### Exercise objective:
For this exercise, output the entries below exactly from the line that holds "Nicht die Golden" to the line that holds "Sculture armchair", both ends included. No pictures belong in the copy.

### Information:
|---|

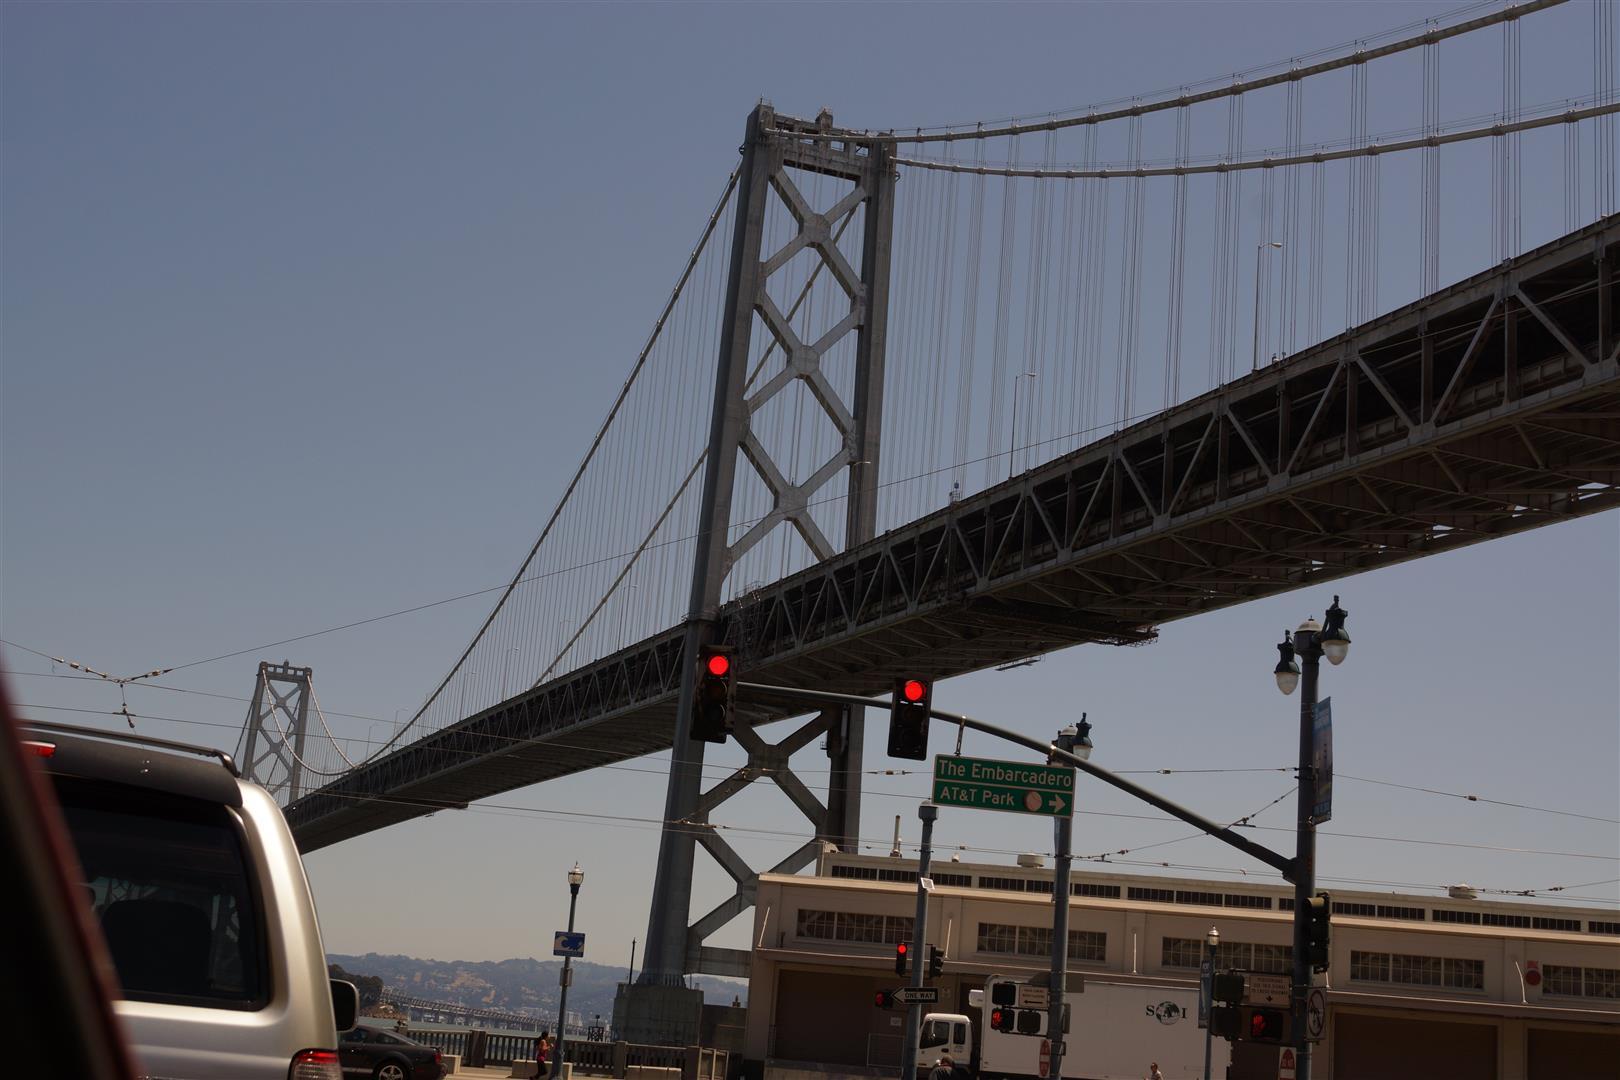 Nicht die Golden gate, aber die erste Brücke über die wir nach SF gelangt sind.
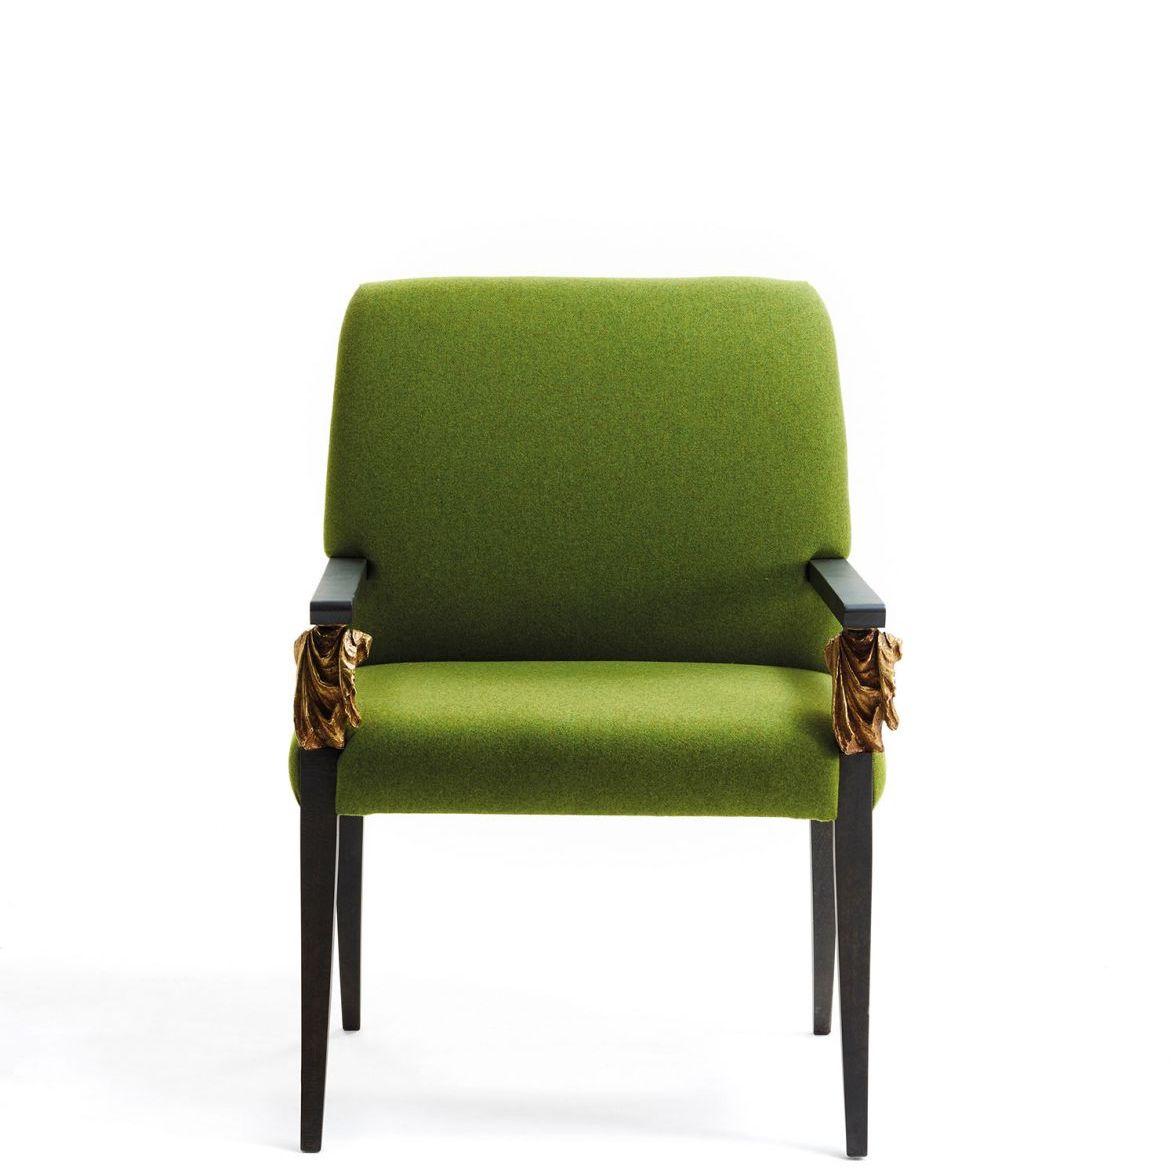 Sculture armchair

|---|

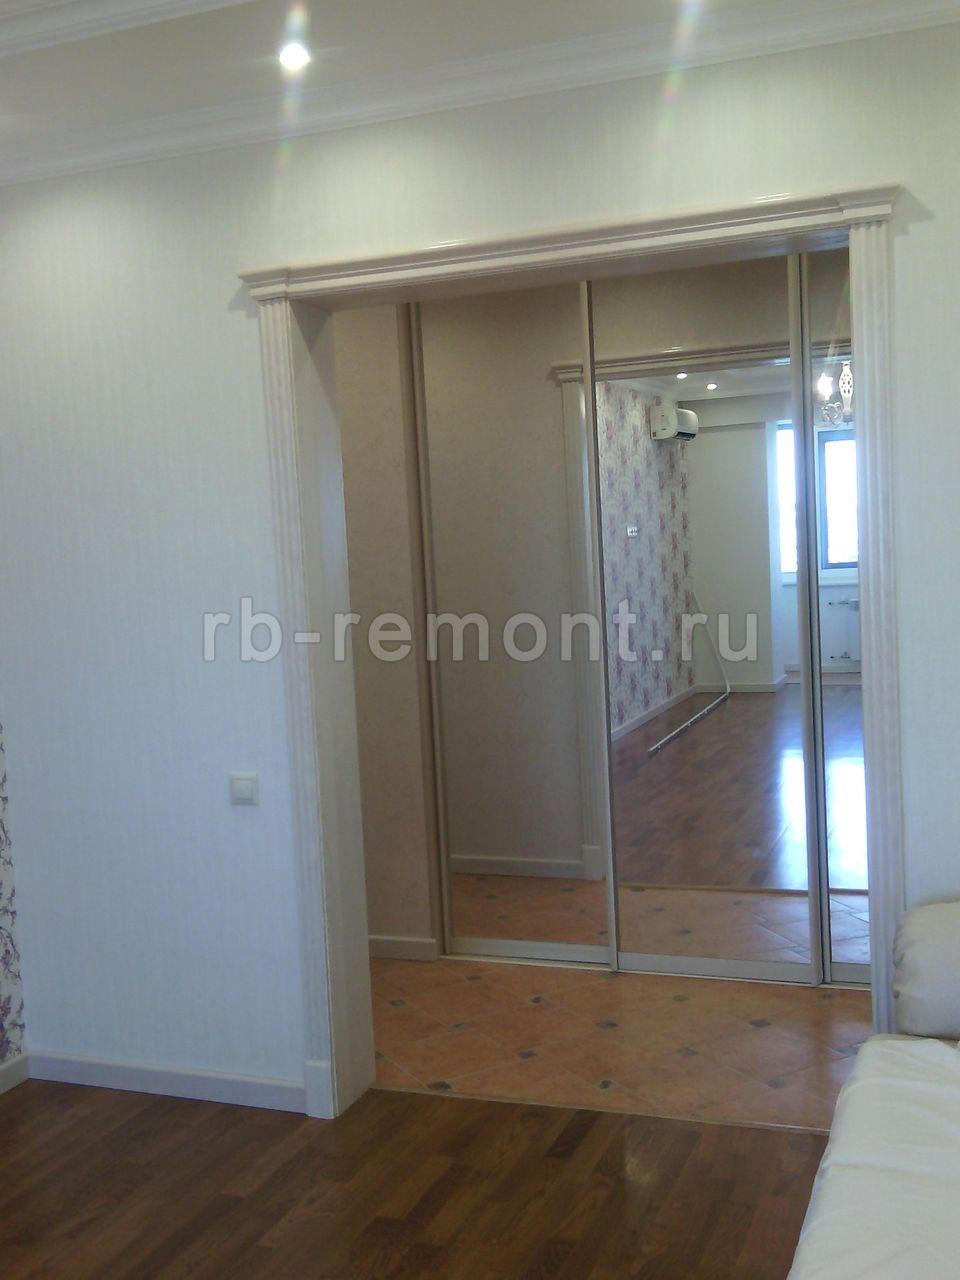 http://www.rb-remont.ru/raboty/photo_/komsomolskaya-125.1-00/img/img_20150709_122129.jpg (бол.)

|---|

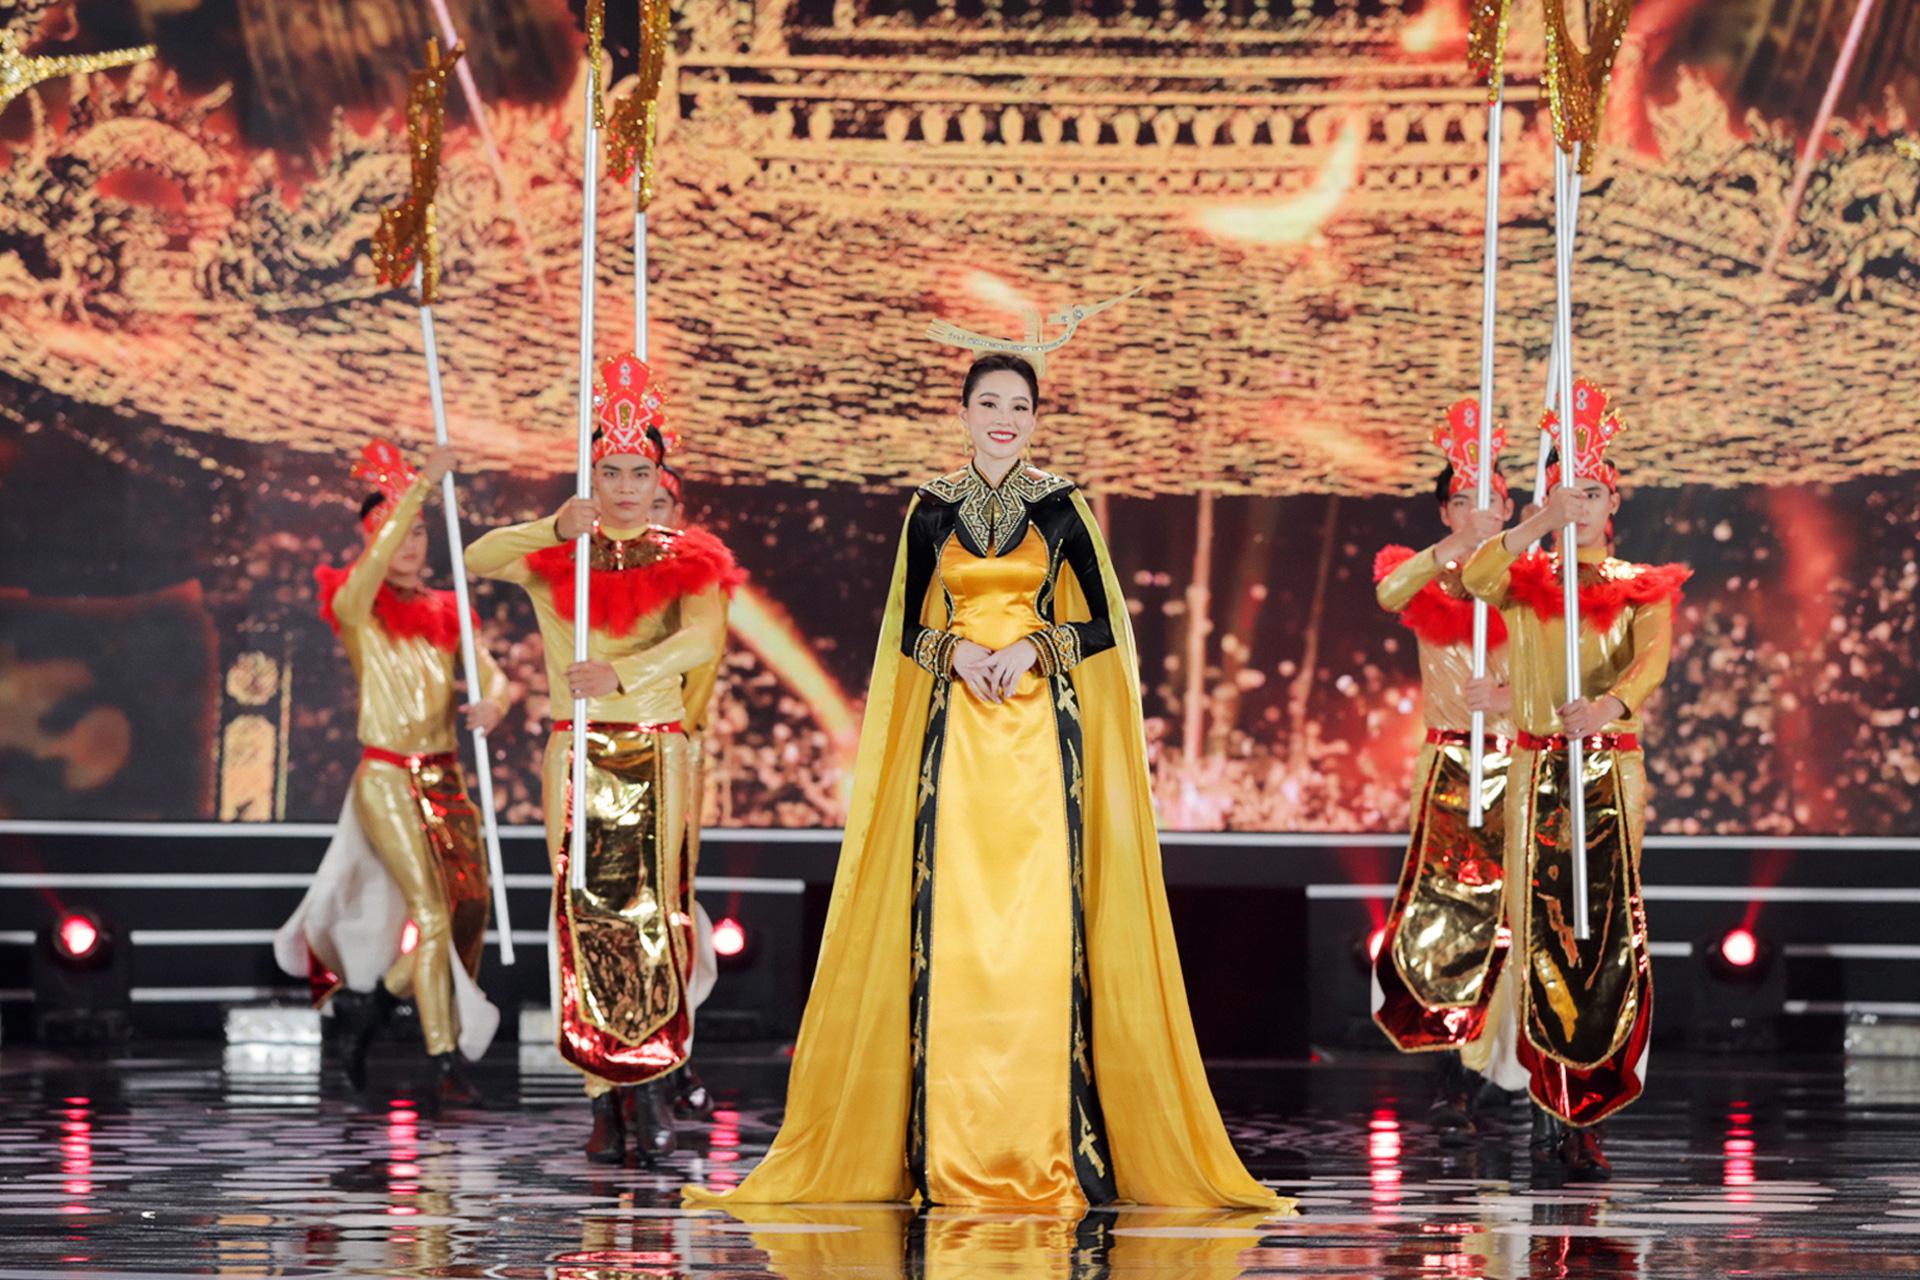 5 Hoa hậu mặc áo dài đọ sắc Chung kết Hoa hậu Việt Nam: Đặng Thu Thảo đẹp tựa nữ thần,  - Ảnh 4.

|---|

### Answer below:
 Nicht die Golden gate, aber die erste Brücke über die wir nach SF gelangt sind.
 Sculture armchair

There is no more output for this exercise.